**Information supplied**
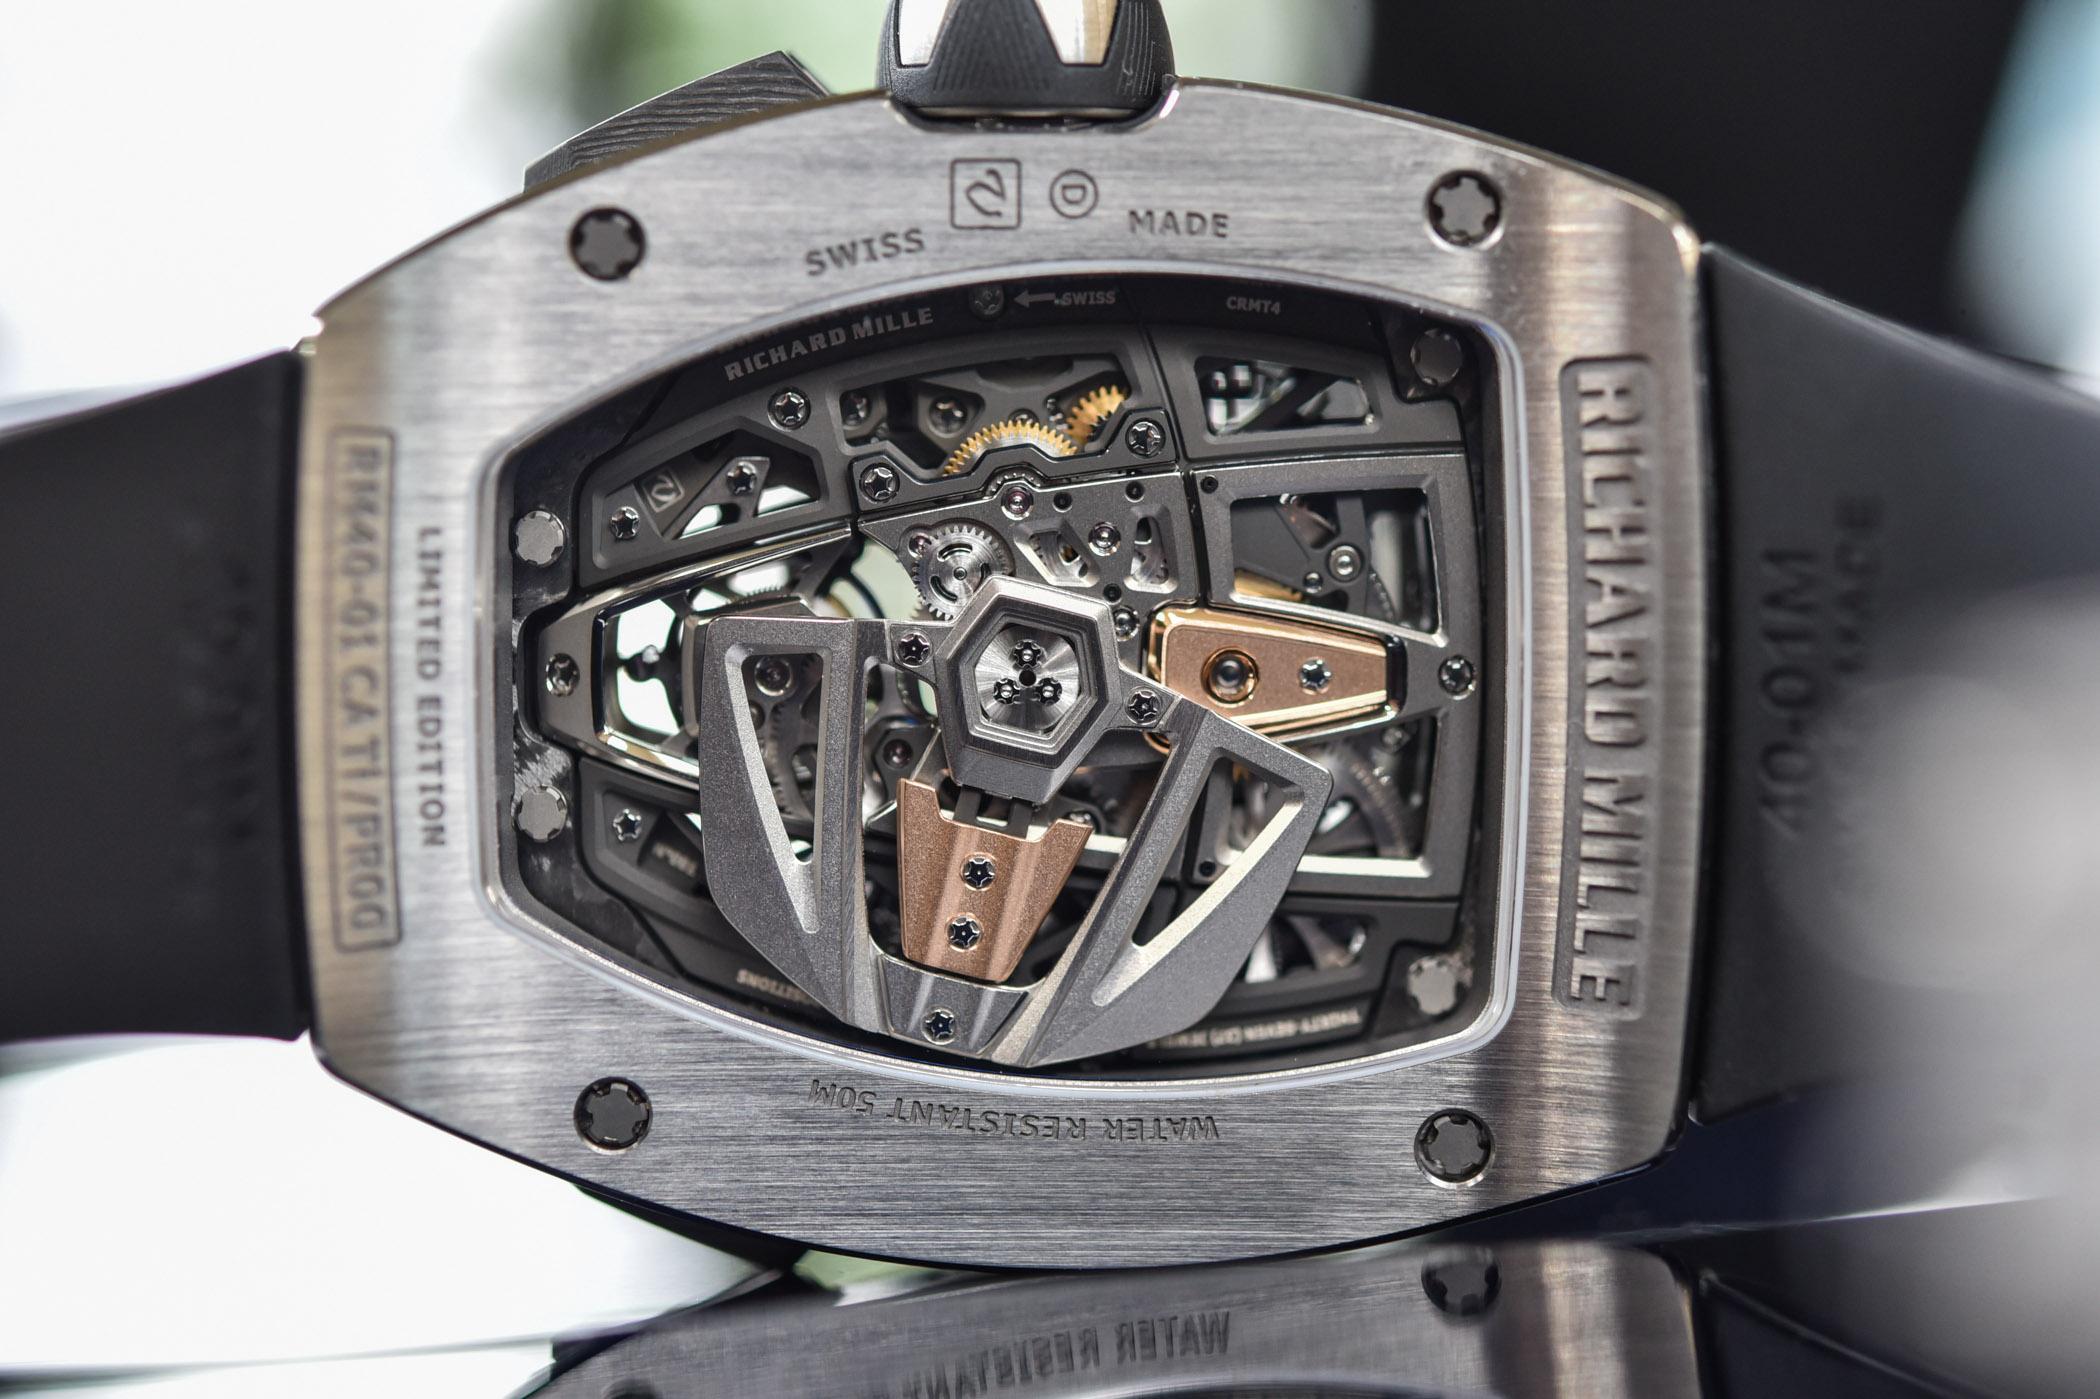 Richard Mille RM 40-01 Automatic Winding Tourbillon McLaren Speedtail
...
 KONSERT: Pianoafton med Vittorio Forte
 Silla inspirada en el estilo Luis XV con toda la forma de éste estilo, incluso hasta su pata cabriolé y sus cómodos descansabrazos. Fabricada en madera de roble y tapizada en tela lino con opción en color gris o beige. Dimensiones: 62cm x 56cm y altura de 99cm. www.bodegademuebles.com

**Your assignment**
Going back to the entries above, set down exactly the lines that begin at the one with "KONSERT: Pianoafton med Vittorio Forte" and end at the one with "Silla inspirada en", both included, and nothing else.

**Result**
 KONSERT: Pianoafton med Vittorio Forte
 Silla inspirada en el estilo Luis XV con toda la forma de éste estilo, incluso hasta su pata cabriolé y sus cómodos descansabrazos. Fabricada en madera de roble y tapizada en tela lino con opción en color gris o beige. Dimensiones: 62cm x 56cm y altura de 99cm. www.bodegademuebles.com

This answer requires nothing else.